Maltempo sull’Italia: scatta l’allerta rossa in Veneto, arancione in Emilia-Romagna e gialla in 15 regioni

2 Luglio 2026 - 10:14

Maltempo sull’Italia: scatta l’allerta rossa in Veneto, arancione in Emilia-Romagna e gialla in 15 regioni

Una violenta perturbazione di origine atlantica sta attraversando l’Italia, portando un drastico peggioramento delle condizioni meteorologiche con temporali, grandinate e forti raffiche di vento. Il contrasto tra l’aria fresca in ingresso e il caldo umido preesistente ha spinto il Dipartimento della Protezione Civile a diramare un bollettino di allerta per l’intera giornata di oggi, giovedì 2 luglio 2026.

Il livello di criticità è differenziato a seconda delle zone e vede il Nord-Est in massima cima d’attenzione, con un progressivo trasferimento dei fenomeni verso il Centro-Sud.

La mappa delle allerte della Protezione Civile

Le autorità competenti hanno valutato i seguenti livelli di rischio idrogeologico e idraulico sul territorio nazionale:

 ALLERTA ROSSA: Dichiarata per massima criticità su un settore specifico del Veneto.

 ALLERTA ARANCIONE: Emessa per ampie aree di Veneto ed Emilia-Romagna, dove i nubifragi potrebbero risultare persistenti e causare rapidi allagamenti.

 ALLERTA GIALLA: Attiva in ben 15 regioni per instabilità diffusa. Coinvolti Friuli Venezia Giulia, Toscana, Umbria, Marche, Lazio, Abruzzo, Molise, Campania, Puglia, Basilicata e Calabria, oltre ad alcuni settori di Sicilia, Sardegna, Emilia-Romagna e Veneto.

Evoluzione meteo e crollo termico nelle prossime ore

L’avanzamento del fronte perturbato sta favorendo la formazione di un vortice ciclonico sul Mar Tirreno. Se al Nord-Ovest e in Trentino Alto Adige il tempo si manterrà più stabile, nel corso del pomeriggio il maltempo colpirà duramente gran parte del Centro-Sud e i settori interni e meridionali delle isole maggiori.
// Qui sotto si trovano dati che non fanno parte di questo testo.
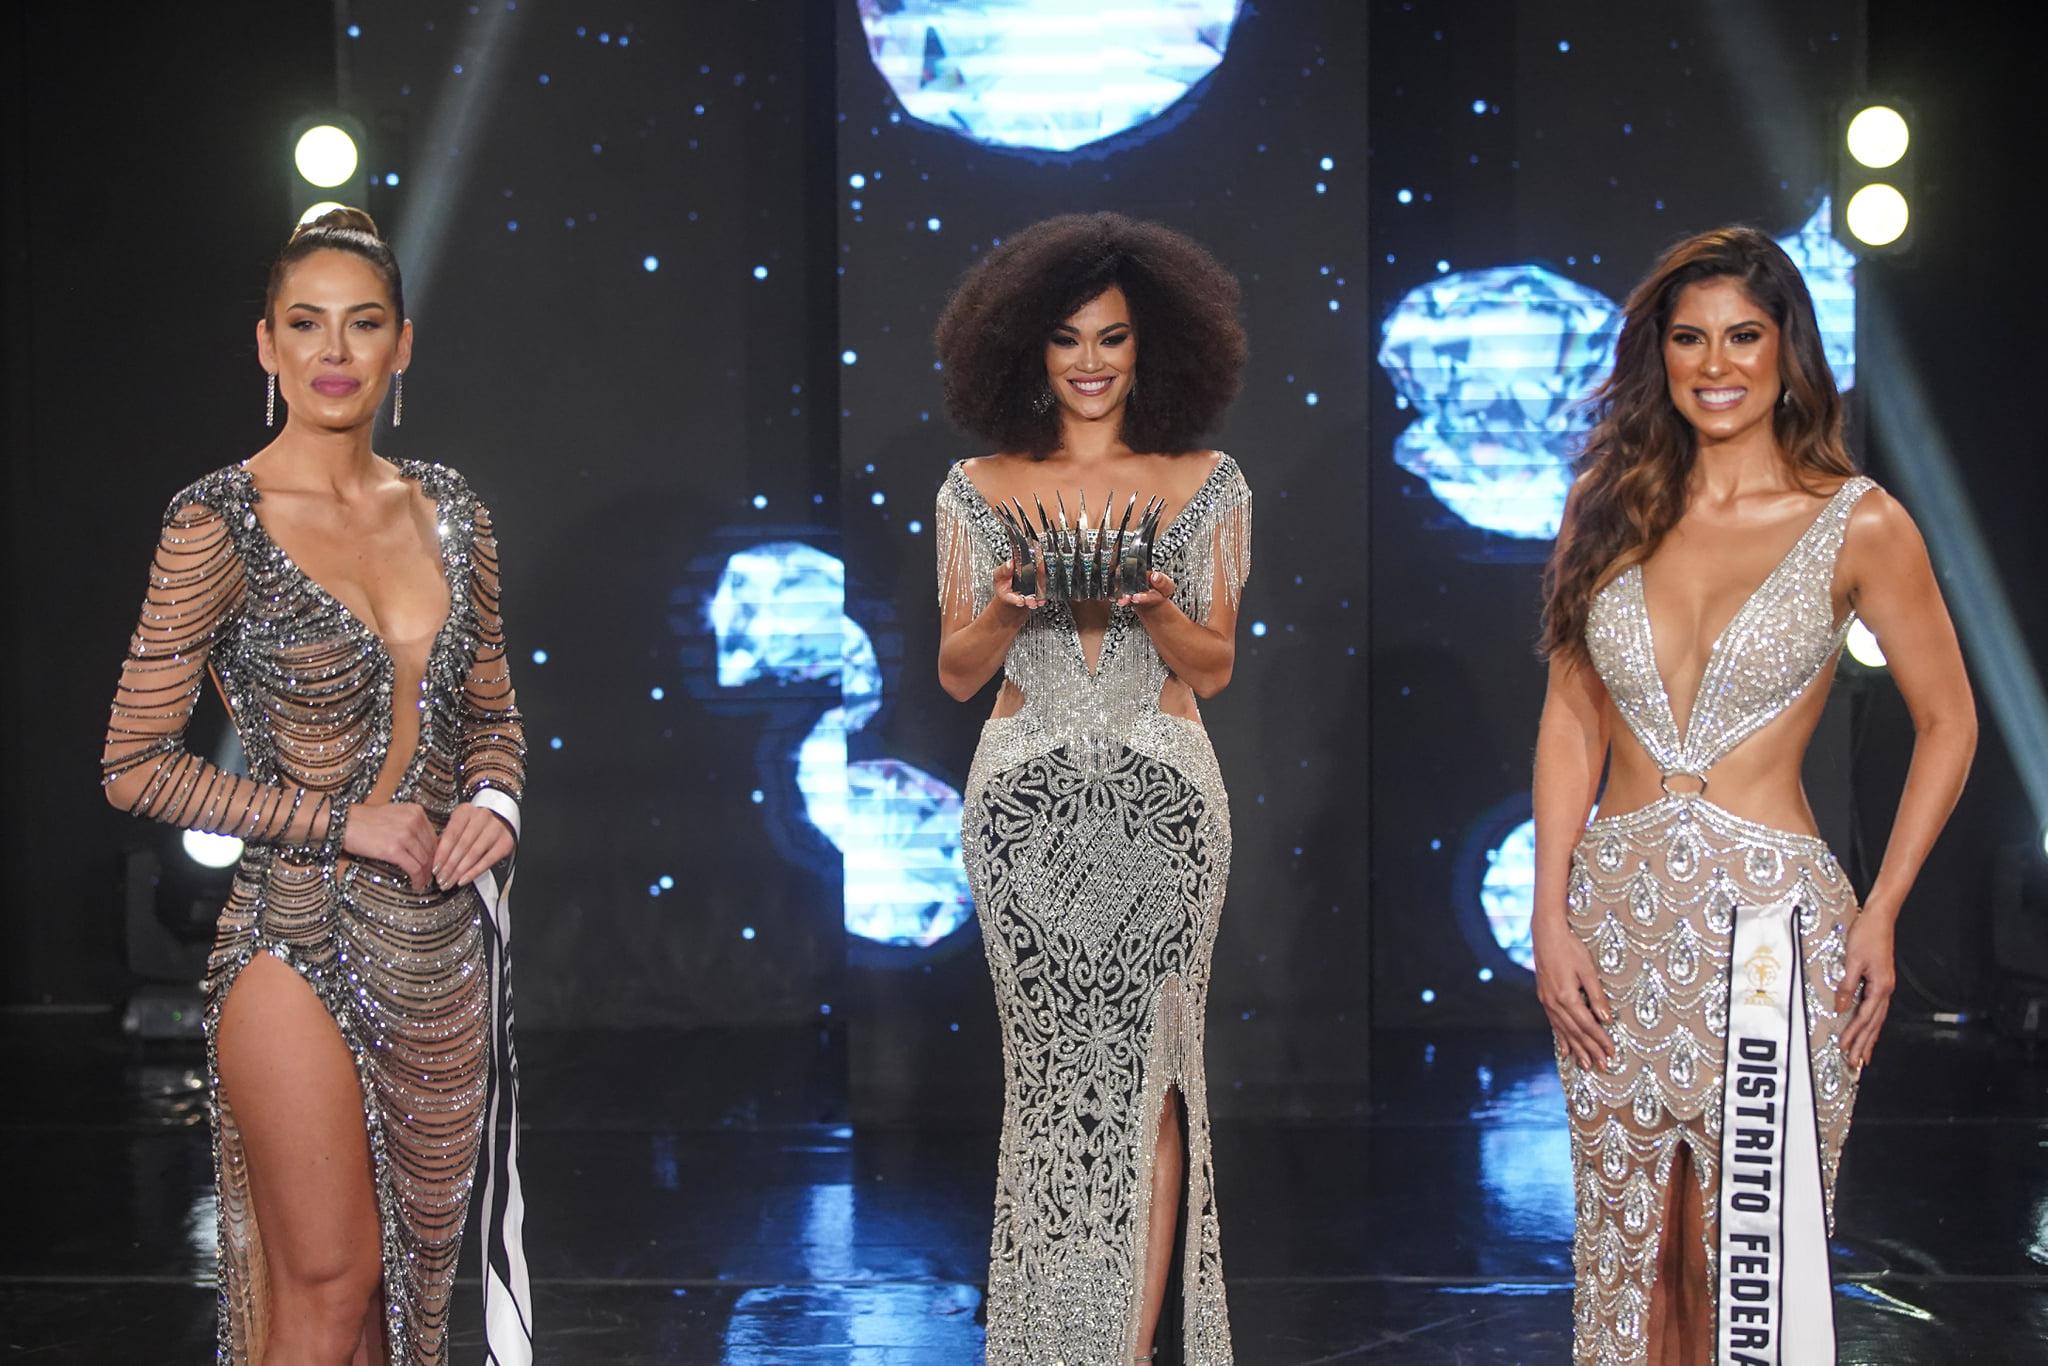 bruna zanardo, 1st runner-up de miss supranational brazil 2020/miss brasil internacional 2017/miss brasil terra 2016. - Página 20 12842412

I fenomeni saranno accompagnati da un generale rinforzo dei venti, con forti raffiche di Maestrale in Sardegna e Sicilia e correnti settentrionali sull’Adriatico e sull’alto Tirreno. Il passaggio del fronte ciclonico garantirà ovunque un netto calo delle temperature e della sensazione di afa, riportando i valori termici vicini alle medie del periodo. Faranno eccezione solo le regioni ioniche e il Nord-Ovest, dove le massime toccheranno ancora localmente i 35°C.